On this rising paradigm, researchers begin with hypothesis-free, large-scale information era. Then, they prepare a machine studying mannequin similar to an LLM with the target of correct reconstruction of occluded information, robust regression or classification efficiency in numerous downstream duties. As soon as the machine studying mannequin can precisely predict the information, and achieves constancy akin to the similarity between experimental replicates, researchers can interrogate the mannequin to extract perception in regards to the organic system and discern the underlying organic rules.
LLMs are proving to be particularly good in modeling biomolecular information, and are geared to gas a shift from hypothesis-driven to data-driven organic discovery. This shift will grow to be more and more pronounced over the subsequent 10 years and permit correct modeling of biomolecular techniques at a granularity that goes properly past human capability.

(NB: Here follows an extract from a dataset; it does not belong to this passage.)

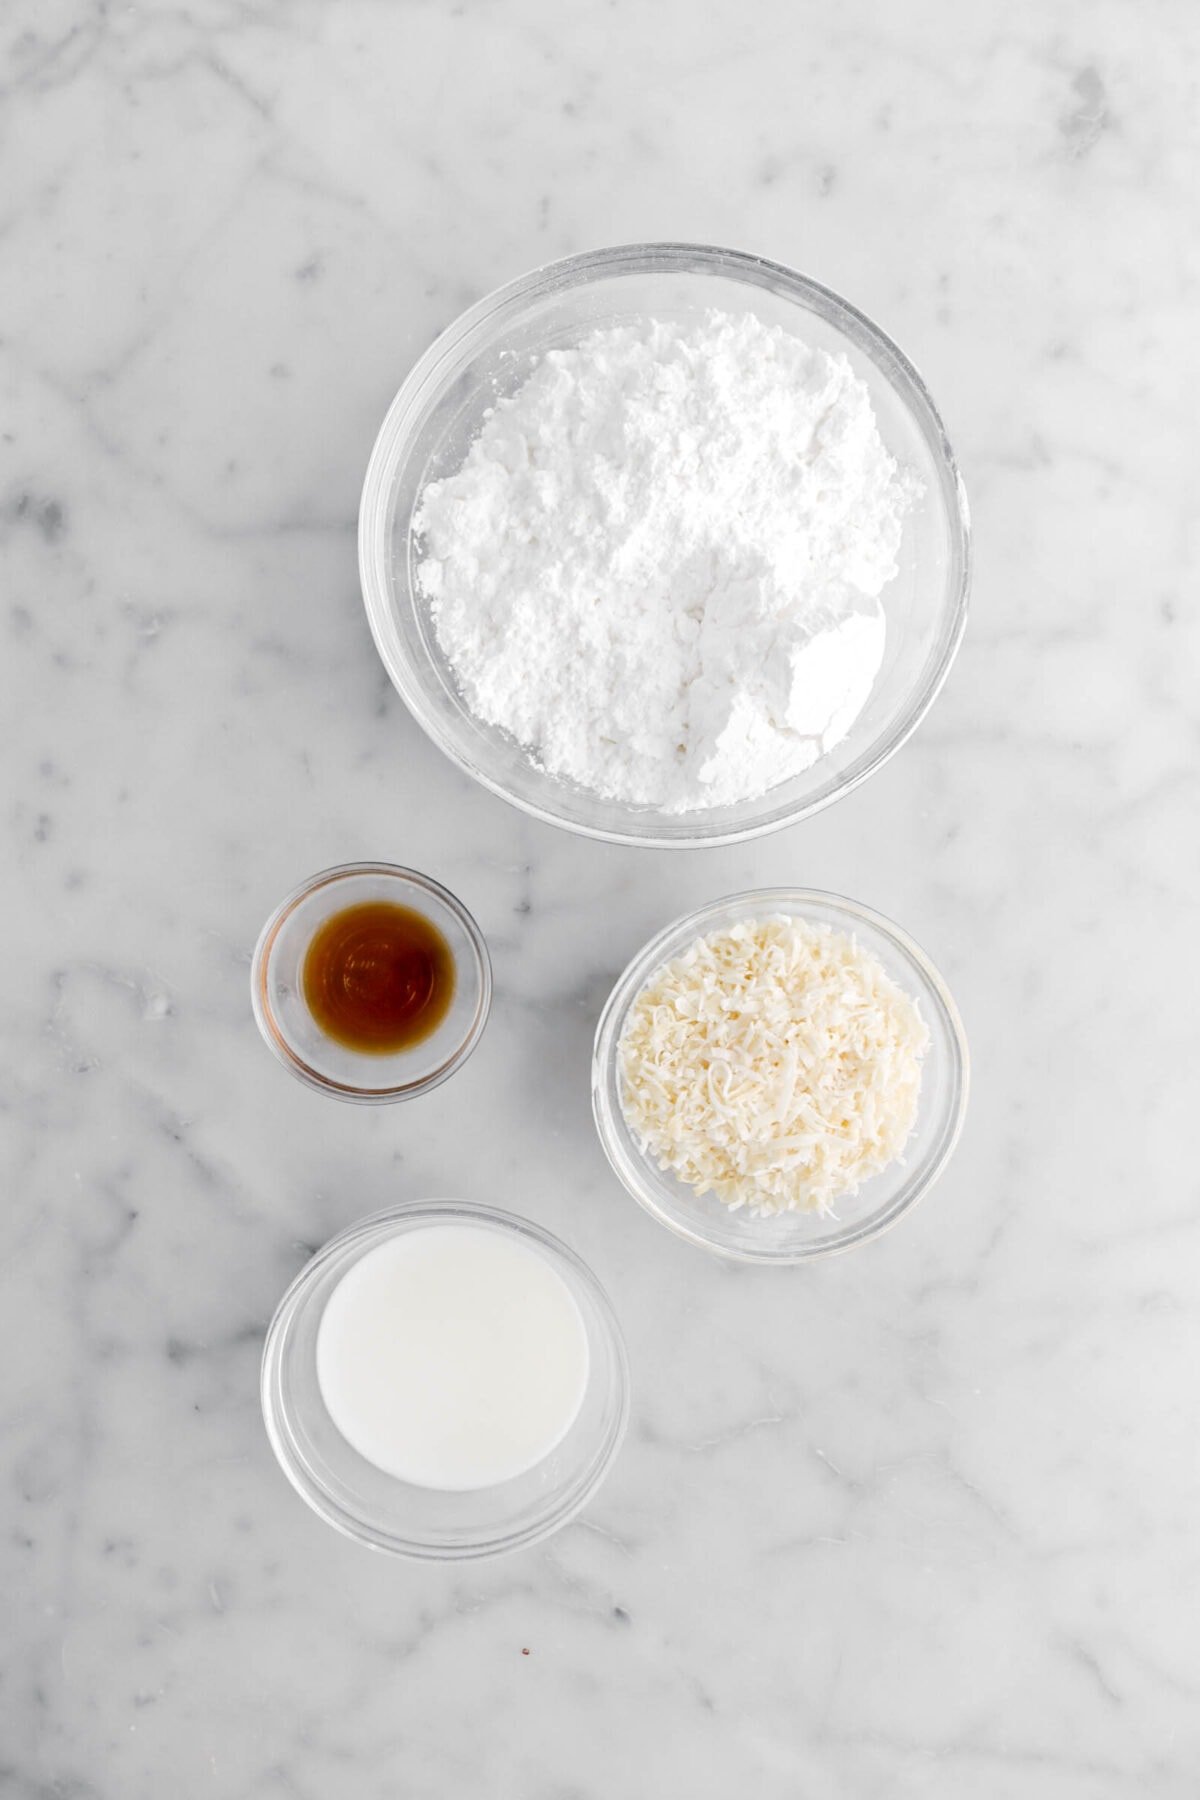 powdered sugar, vanilla, shredded coconut, and vanilla on marble surface.

What’s the potential impression for illness prognosis and drug discovery?
I consider LLM and generative AI will result in important adjustments within the life sciences business. One space that may profit significantly from LLMs is medical prognosis, particularly for uncommon, difficult-to-diagnose ailments and most cancers subtypes. There are super quantities of complete affected person info that we will faucet into – from genomic profiles, remedy responses, medical information and household historical past – to drive correct and well timed prognosis. If we will discover a solution to compile all this information such that they’re simply accessible, and never siloed by particular person well being organizations, we will dramatically enhance diagnostic precision. This isn’t to indicate that the machine studying fashions, together with LLMs, will have the ability to autonomously function in prognosis. As a consequence of their technical limitations, within the foreseeable future they won’t be autonomous, however as a substitute they’ll increase human consultants. They are going to be highly effective instruments to assist the physician present beautifully knowledgeable assessments and diagnoses in a fraction of the time wanted up to now, and to correctly doc and talk their diagnoses to the affected person in addition to to the whole community of well being suppliers related via the machine studying system.
The business is already leveraging machine studying for drug discovery and improvement, touting its potential to cut back prices and timelines in comparison with the standard paradigm. LLMs additional add to the out there toolbox, and are offering wonderful frameworks for modeling large-scale biomolecular information together with genomes, proteomes, purposeful genomic and epigenomic information, single-cell information, and extra. Within the foreseeable future, basis LLMs will undoubtedly join throughout all these information modalities and throughout giant cohorts of people whose genomic, proteomic and well being info is collected. Such LLMs will assist in era of promising drug targets, determine doubtless pockets of exercise of proteins related to organic perform and illness, or recommend pathways and extra complicated mobile capabilities that may be modulated in a particular manner with small molecules or different drug modalities. We are able to additionally faucet into LLMs to determine drug responders and non-responders primarily based on genetic susceptibility, or to repurpose medicine in different illness indications. Lots of the present modern AI-based drug discovery corporations are undoubtedly already beginning to suppose and develop on this course, and we should always count on to see the formation of further corporations in addition to public efforts aimed on the deployment of LLMs in human well being and drug discovery.
Thanks for the detailed interview, readers who want to be taught extra ought to go to Seer.